Very dangerous, the ducks.
- Is that right? - Yeah.
They can break your arm.
Break your knee as soon as look at you.
- (Impersonates duck) - Hello ducks.
- Come on, Mr Duck.
- Hello, ducks.
They're all out today.
Do you wanna have a little go? I'll stand well back, if you don't mind.
Oh.
We can settle up for the bread later, Glen, otherwise it just gets nasty.
- A lovely scene, Jill, isn't it? - Yeah.
Like something from a catalogue.
You in your mushroom.
- Oh.
- Mm.
- I feel all safe, Glen.
- So do I, Jill.
- Usually the other way round, mind.
- Yeah.
- Oh.
- (Both laughing) Mind your high heels.
Almost had me in, there.
- I've had enough of the ducks for today.
- Oh, just a bit of horseplay.
Ooh.
A bit of rough and tumble.
Oo-hoo.
Hmm.
Oh, help.
Jill, I can't swim.
Jill, help me.
(Yelping) (Gasping) (Snoring) - Thank you.
- I am still not pregnant, Linda, and it is your fault.
( # Muted hymns) Bruce.
Evening prayers are on TV.
OK.
(Low grunting) - Aah.
- Mm.
- (Panting) - (Sue ) Oh, God.
- (Knocking) - Come in.
Hi, Bruce.
- How's you? - Fine.
Nice to see you, to see you nice.
Lovely.
I used to be a model, Bruce.
- A model what? - Glamour model.
Yeah.
I've actually brought you my calendar, Bruce.

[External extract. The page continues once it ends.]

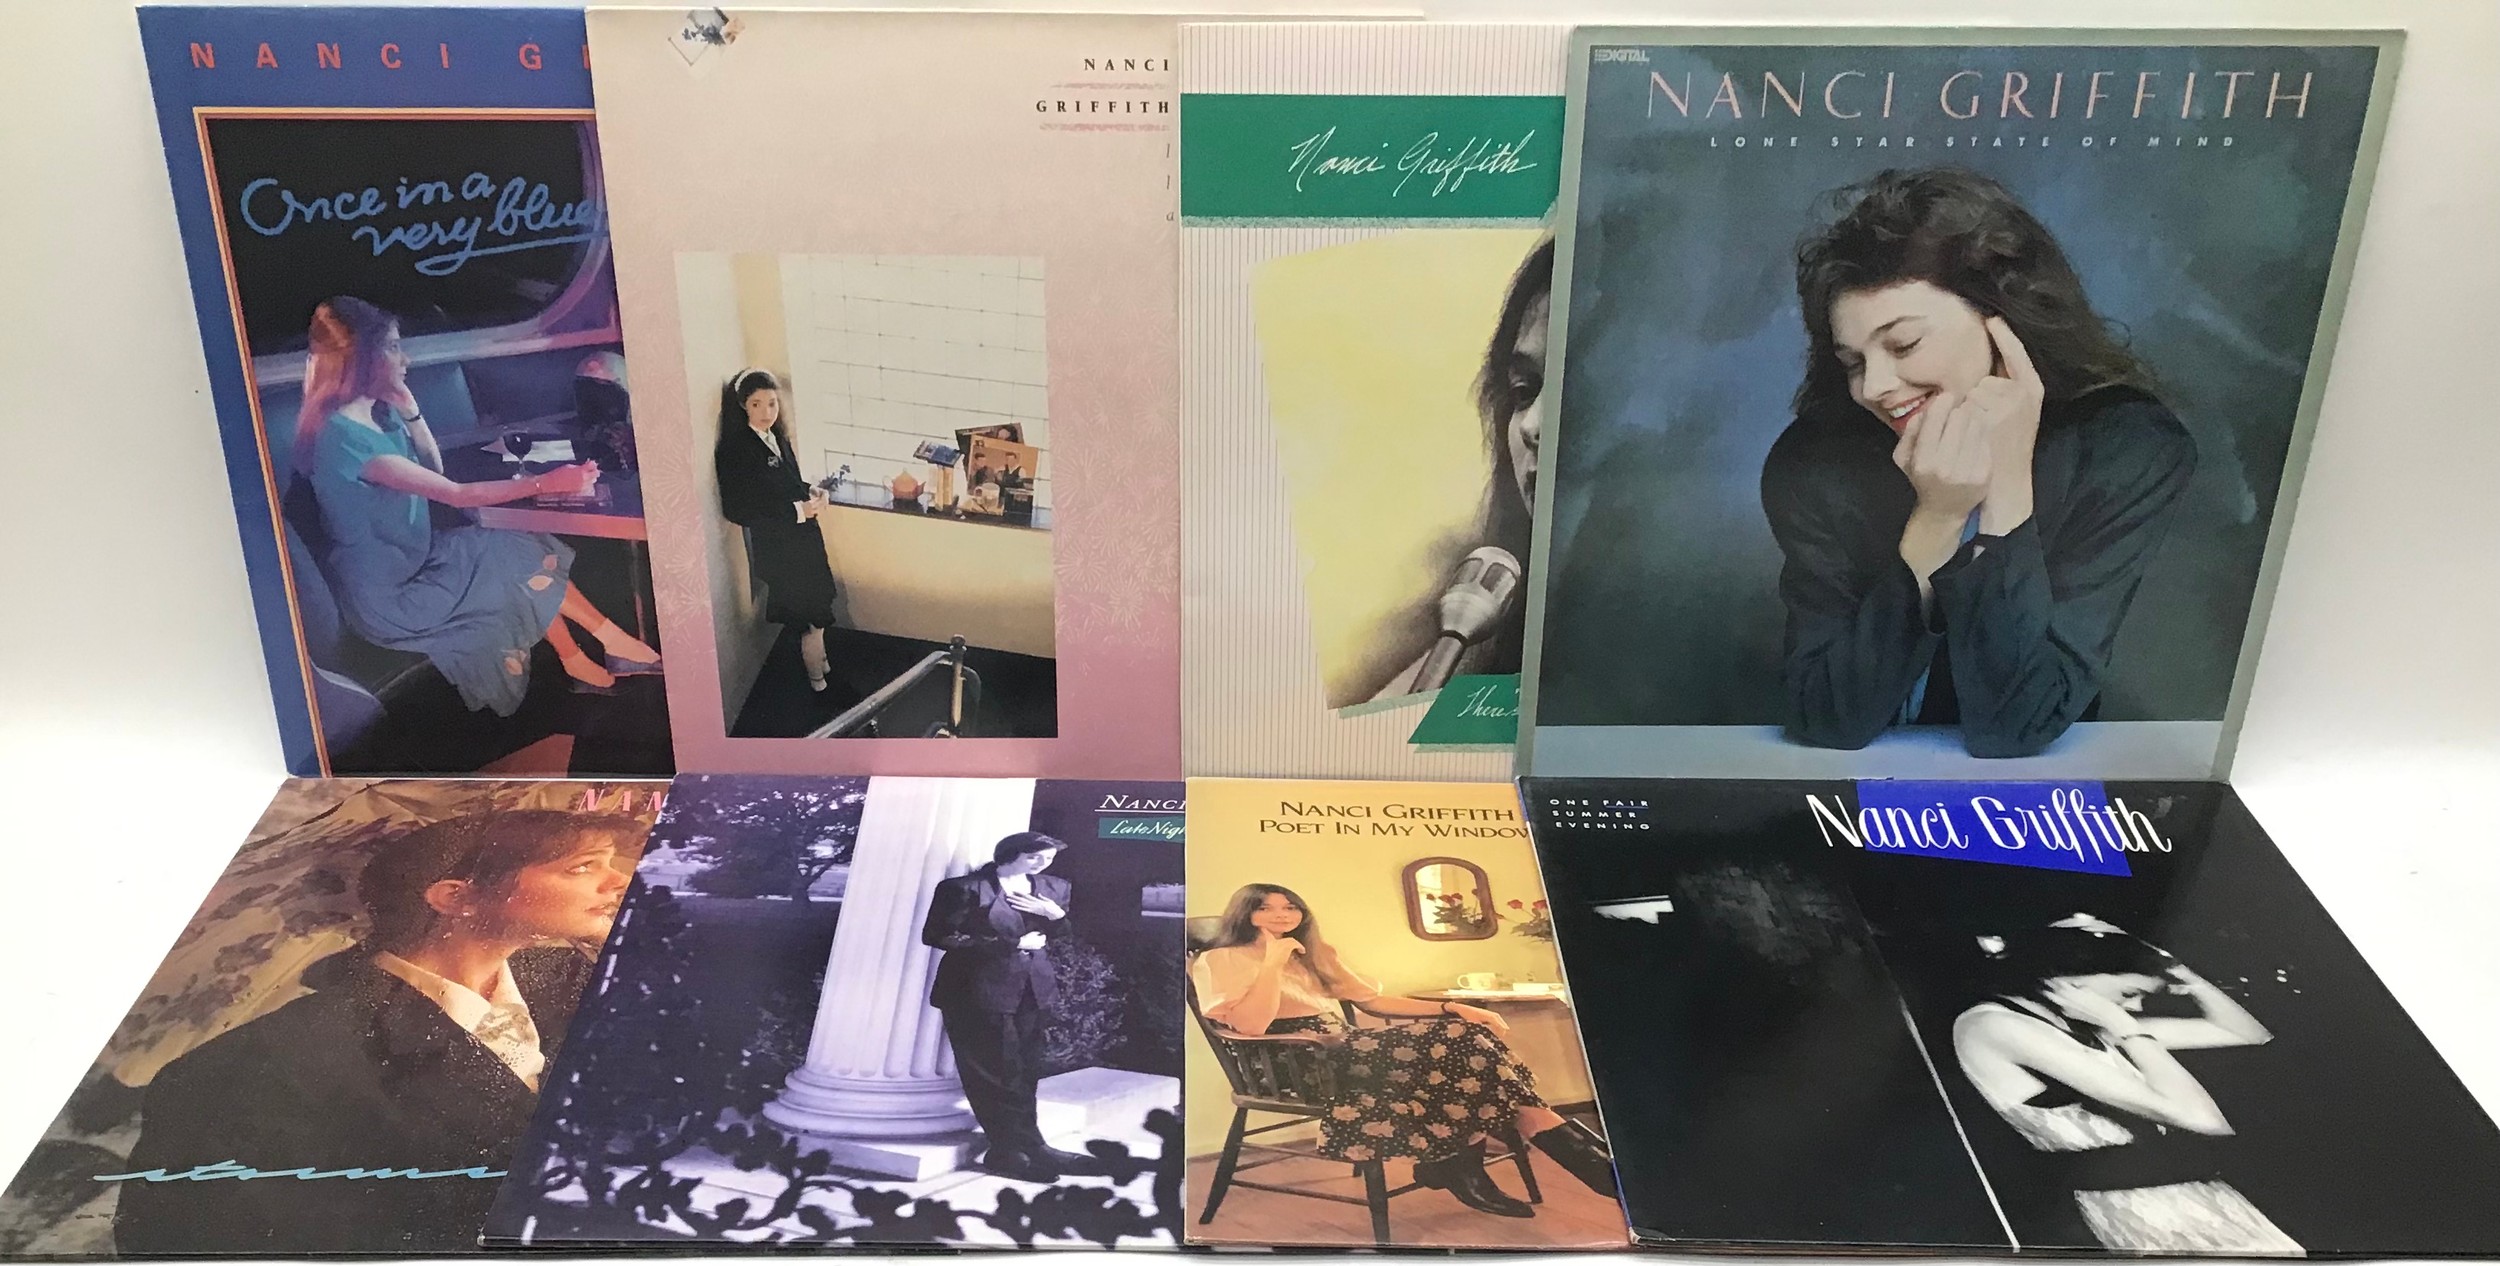 8 X NANCI GRIFFITH LP VINYL RECORDS. To include - Late Night Grand Hotel - Storms - Poet In My

Thought I'd show you a couple of pictures.
Erm, that's me, February.
Just bent over a pony.
Erm, November.
Just having a little shower with an orang-utan.
And then my favourite just dancing with an ostrich, December.

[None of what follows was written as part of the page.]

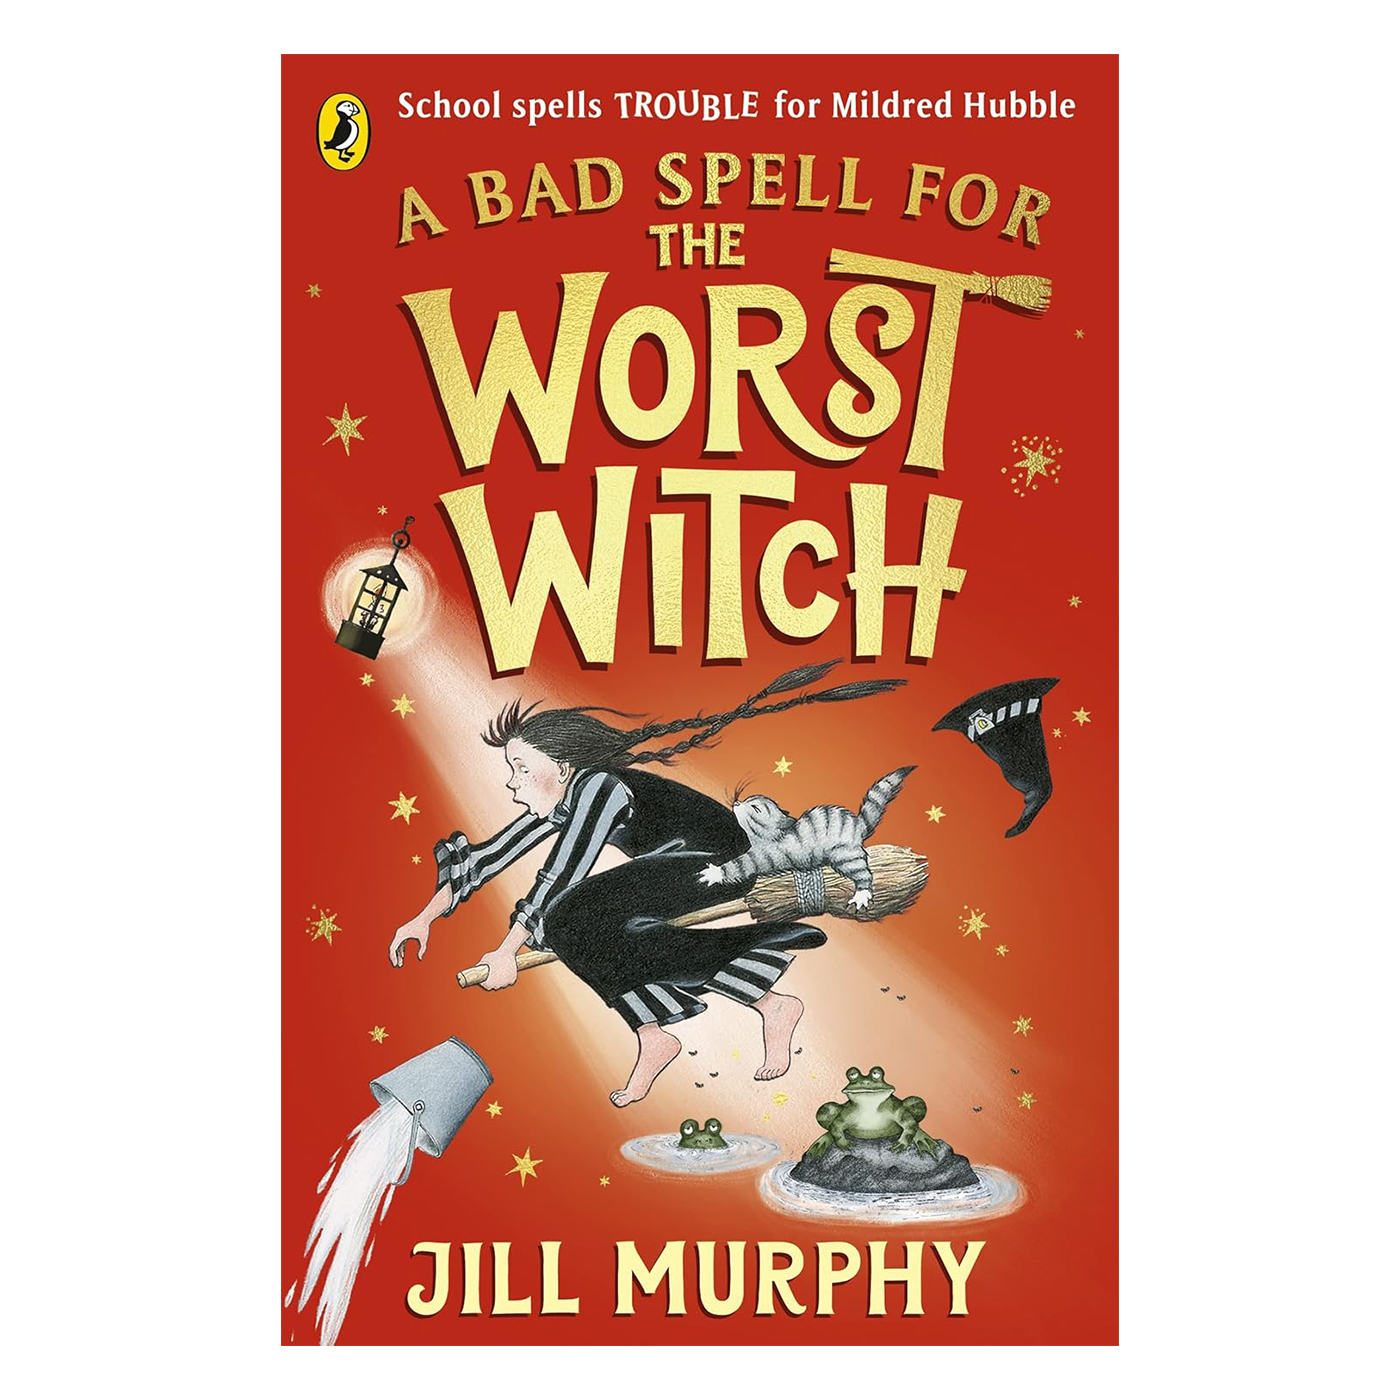  A Bad Spell For The Worst Witch

Cos I'm actually a very attractive woman, you know, Bruce.
I've actually been assaulted on more than two occasions.
Pick a colour.
Green.
G R Een.
( # Maroon 5.
.
This Love ) # I was so high I did not recognise # The fire burning in her eyes # The chaos that controlled my mind # Whispered goodbye, she got on the plane Never to return again Bruce.
Bruce.
Do you like my dancing? Not really.
# She said goodbye Too many times before That's good.

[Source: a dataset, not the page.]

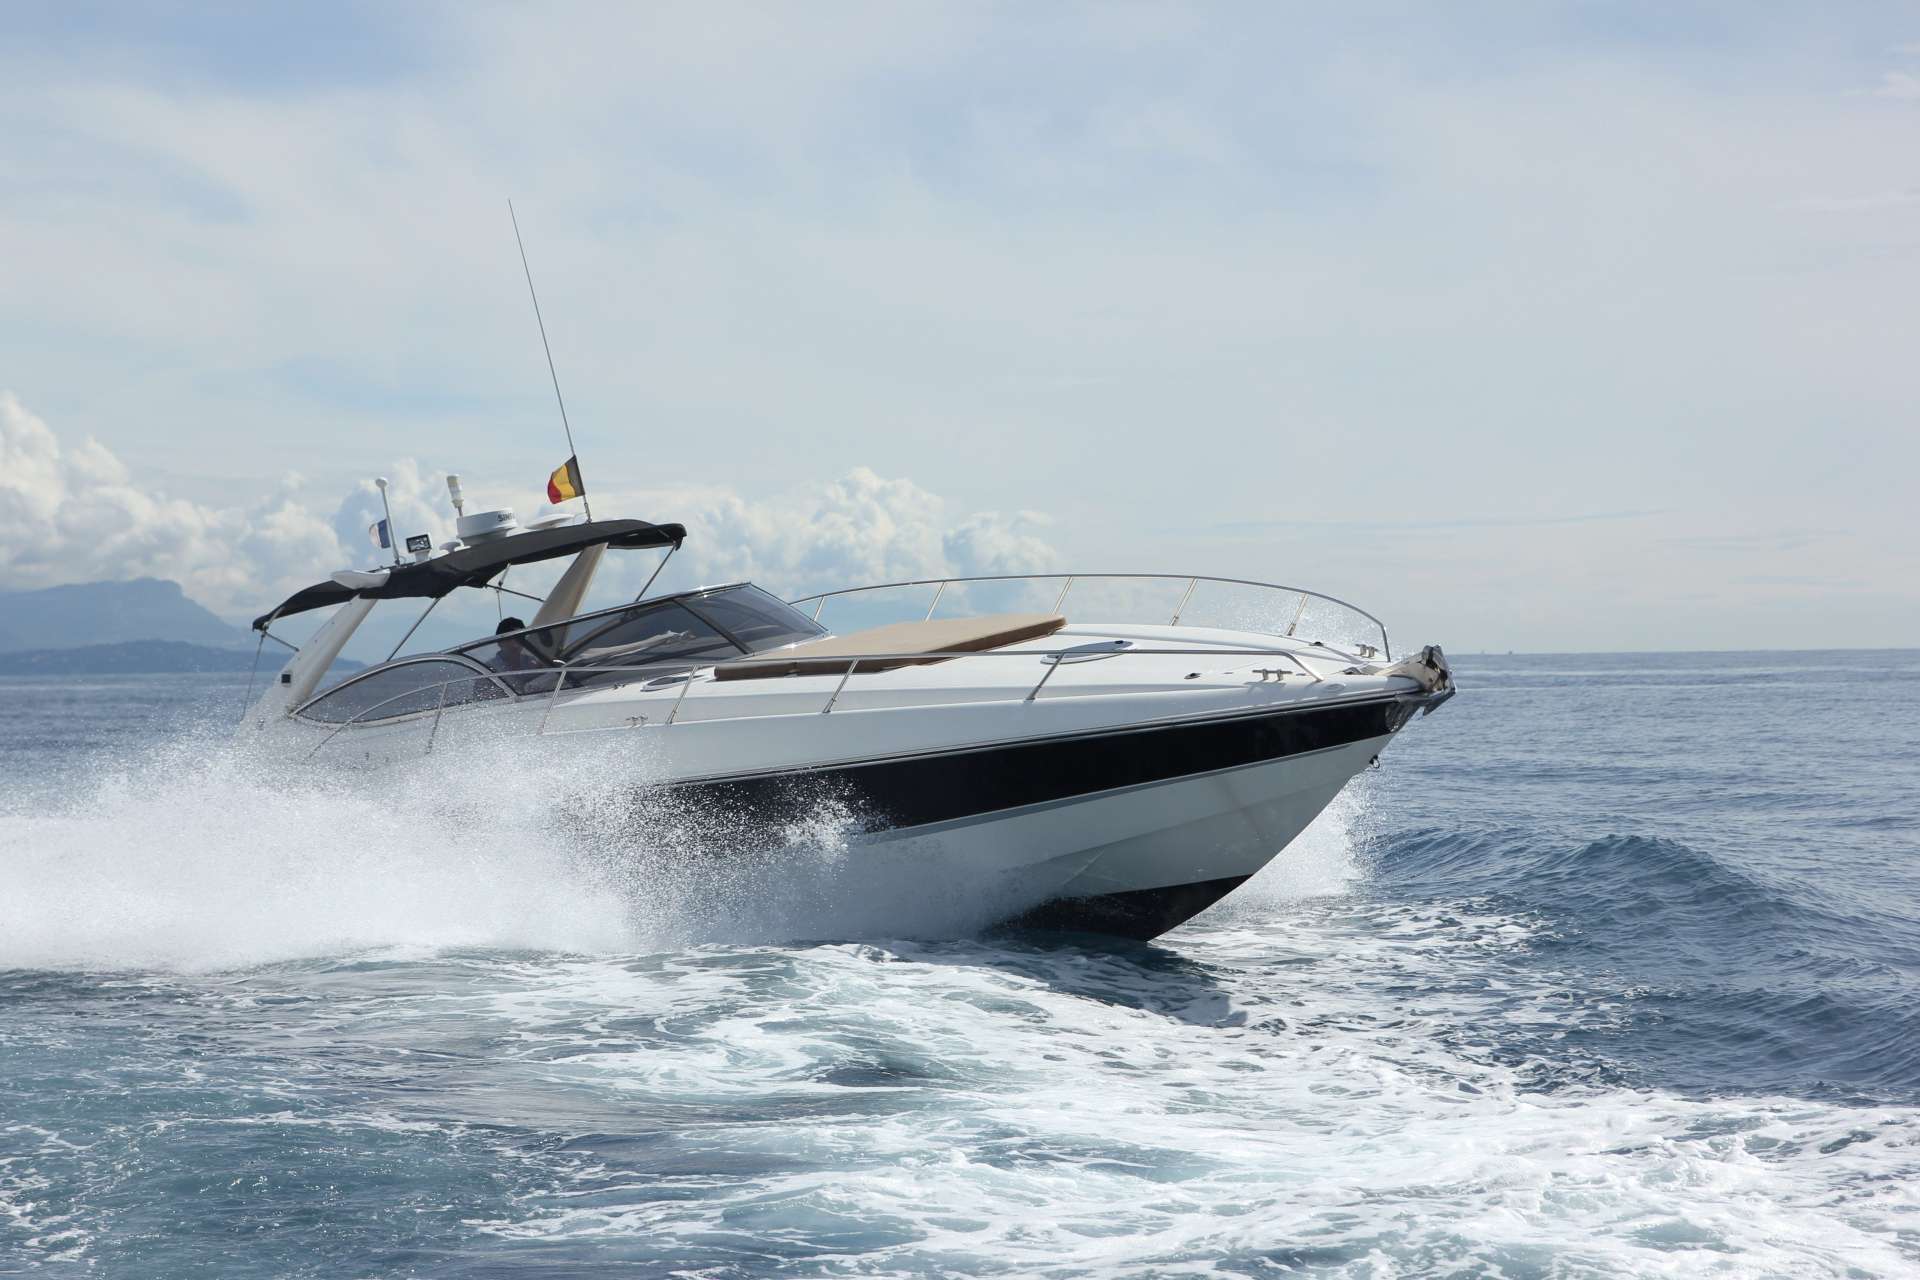 Sunseeker 48 - Yacht Charter Cannes & Boat hire in France French Riviera Cannes Vieux port de Vallauris 6

It's a really good picture, Bruce.
Is it a little piggy? It's Mum.
- Have you ever done life drawing, Bruce? - Dunno.
It's things like fruit You know, like apples, bananas, sometimes pineapples and naked ladies.
Apparently, Linda, Bruce would like to paint you.
So I'd like you to go over there, please, take all your clothes off and leave him with these tissues.
In case he starts crying? # I spy with my little eye # Something beginning with lamp.
Lampshade.
No, lamp.
It's my go now, cos I just won that one.
See? Yeah, OK.
# I spy with my little eye # Something beginning with - Crayon.
- Crayon.
Jill said I gotta give you these.
Thanks.
I'm looking for specifically pants, Linda.
There's bound to be something on some pants.
I got some, Jill.
Yeah.
They look yellow.
Yellow? Is Dennis' yellow? - What's that, Jill? - It's an ultraviolet scanner for stains.
(Bleeps ) Oh, my God.
(Gasps ) Look at his sheets.
Absolutely covered.
Oh.
- Smells funny, Jill.
- The sperms are strong at that age.
They're like angry little mackerel.
Don't worry, Jill, we'll get it in.
Every last drop.
Linda, I'm a very accommodating person but that sheet is a king-size.
Sorry.
(Linda grunts, Jill whimpers ) It's all over my hands, now, Jill.
It's all sticky.
Well, put your hand up there, Linda.
It only stays alive for 32 seconds.
Jill.
I can't get it out.
I think it's stuck.
Linda, we'll have to chop your hand off.
(Linda ) Thank you.
(Vehicle approaching) (Thud) (Splutters ) (Sighs ) Oh, I think that's the last of it, Jean.
Oh, jings, it was terrible down there.
I saw all sorts.
I thought I saw a monster.
But I remembered everything, Jean, about that night, about what Jill did that night.
She's trying to frame me, Jean, and I'm really quite cross.